Cinq ans. C’est le temps qui aura fallu à Laura Wandel pour finaliser l’écriture de son premier long-métrage, Un monde.
Huis-clos étouffant au sein d’une école, Un monde plonge le spectateur dans une cruauté rarement observée. Malgré une durée assez peu banale de nos jours (1h15), aucune scène n’est négligée ou bâclée. La puissance de cette écriture est d’autant plus marquée quand la mise en scène suit. Mis en avant lors du festival de Cannes 2021 – dans la sélection un Certain Regard – il est à nouveau mis à l’honneur lors du festival Télérama ce mois-ci.
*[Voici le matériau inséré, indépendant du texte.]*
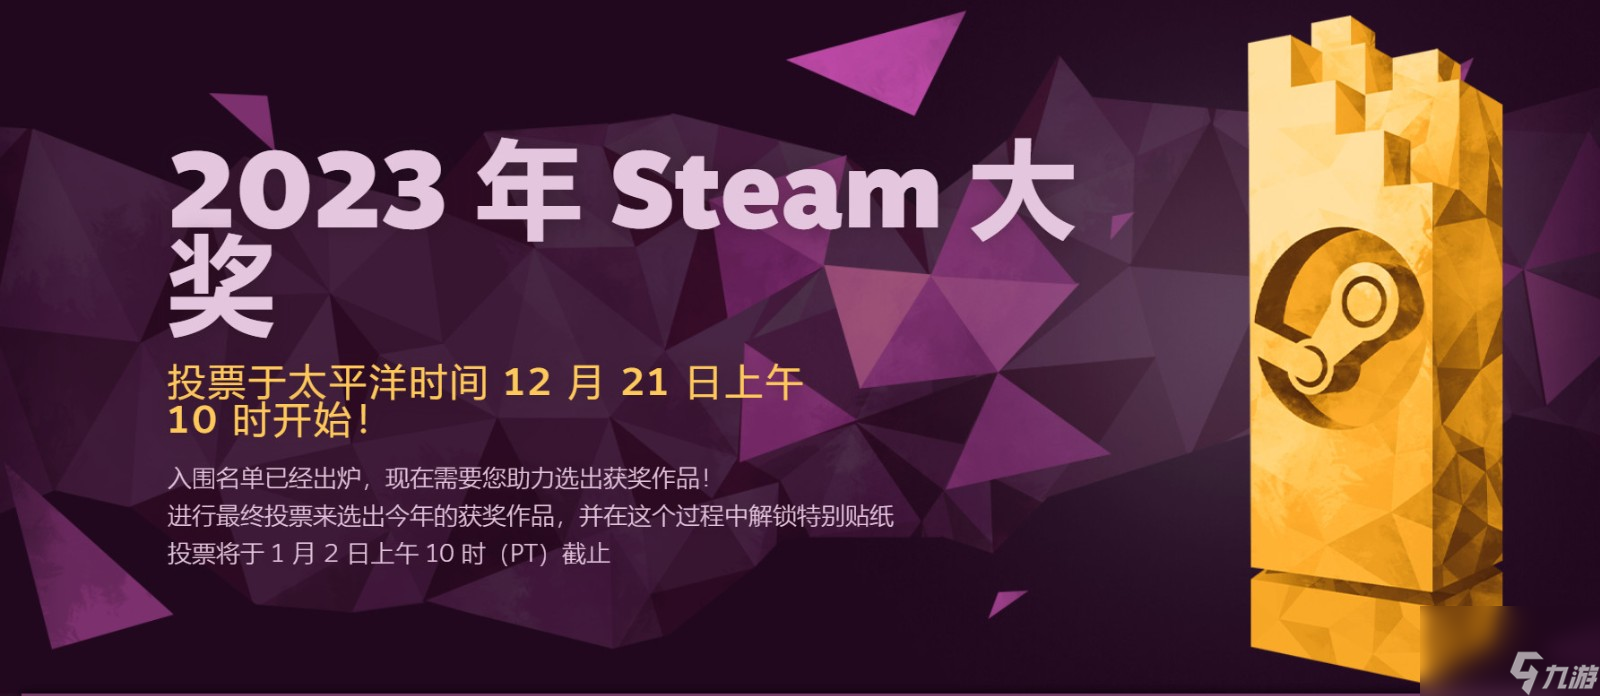 《星空》入围2023年Steam“最具创意游戏玩法”大奖提名

Lors de sa grande rentrée en primaire, Nora (Maya Vanderbeque) est témoin du harcèlement que son grand frère subit à l’école. Entre son envie de le protéger, et ce dernier qui refuse toute aide, Nora se perd dans une myriade de pensées. Doit-elle agir ? Doit-elle se taire ?
Une mise en scène bavarde
Une grande partie de la beauté du 7ème art réside dans sa capacité à faire ressentir des choses au spectateur par la mise en scène. C’est un coup de maître que nous avons sous les yeux avec Un Monde. Intégralement filmée à hauteur d’enfant, la caméra prend le parti de ne suivre que Nora tout au long du film. On traverse donc avec elle toutes ses angoisses et tous ses doutes, à travers la performance irréprochable de la jeune comédienne. L’environnement de l’école nous paraît par conséquent immense et menaçant.
Une autre astuce de mise en scène rend certaines séquences si fortes : la mise au point ne se focalise que sur Nora et son entourage. L’arrière-plan est systématiquement flou, rendant l’espace qui les entourent davantage difficile à cerner. La vision du spectateur ne peut donc se concentrer que sur ce qui se passe sous son nez. Tout se met ainsi en place pour rendre l’expérience oppressante, jusqu’au choix de l’école. Laura Wandel nous le confie lors d’une rencontre de presse : « J’ai dû faire le tour de toutes les écoles de Bruxelles avant de trouver celle qui me convenait ».
Le souci du détail de la sensation permet au film de se muer en une expérience sensorielle. Les petits moments de la vie d’enfant nous reviennent un à un : grelotter hors de l’eau à la piscine, l’alcool à 90% sur une plaie toute fraîche… Si dans le premier quart d’heure ces scènes déroutent, leur présence se justifie absolument. Nous sommes au niveau de Nora, narratrice de sa propre histoire.
Le poids des choses
Au début du film, on découvre Nora dans une longue étreinte avec son grand frère. Ce dernier y joue un rôle rassurant et protecteur. La jeune fille découvre le monde de l’école, terrifiée par l’inconnu. Mais tout cela va rapidement s’inverser. Dès que Nora va constater que son frère se fait harceler, et qu’il lui demande de ne rien dire à leur père, elle abandonne ses craintes personnelles et les reporte en sa direction.
Paradoxalement, et dans un premier temps seulement, Nora paraît grandir à une vitesse folle. Elle parvient à s’ouvrir à ses camarades et semble réussir à s’attacher aux personnes de son âge. Ils deviennent un repère, au même titre que son frère, son père ou sa maîtresse. Alors quand la réputation de son frère commence à impacter ce cercle de sécurité qu’elle s’est construit, elle montre les premiers signes de cassure. Cette justesse dans l’écriture du personnage est expliquée par Laura Wandel : « la cruauté des enfants n’est pas anodine, elle part toujours d’un fondement profond ». Les enfants s’expriment sans filtres, avec un franc-parler dont les adultes sont désormais incapables. L’œil bienveillant de la cinéaste ne nous fait jamais entrevoir cela comme de la simple cruauté. Un constat se dresse, et il semble universel.
Sans crier gare, Un Monde arrive finalement dans nos salles françaises de la plus belle des manières. C’est une histoire humaine d’une grande violence, ornée d’une douceur ambiante amenée par certaines interactions. Laura Wandel nous confie d’ailleurs qu’elle travaille déjà sur son second long-métrage, en cours d’écriture. Après une proposition comme celle-ci, on ne peut qu’être impatients de voir ce qu’elle nous réserve.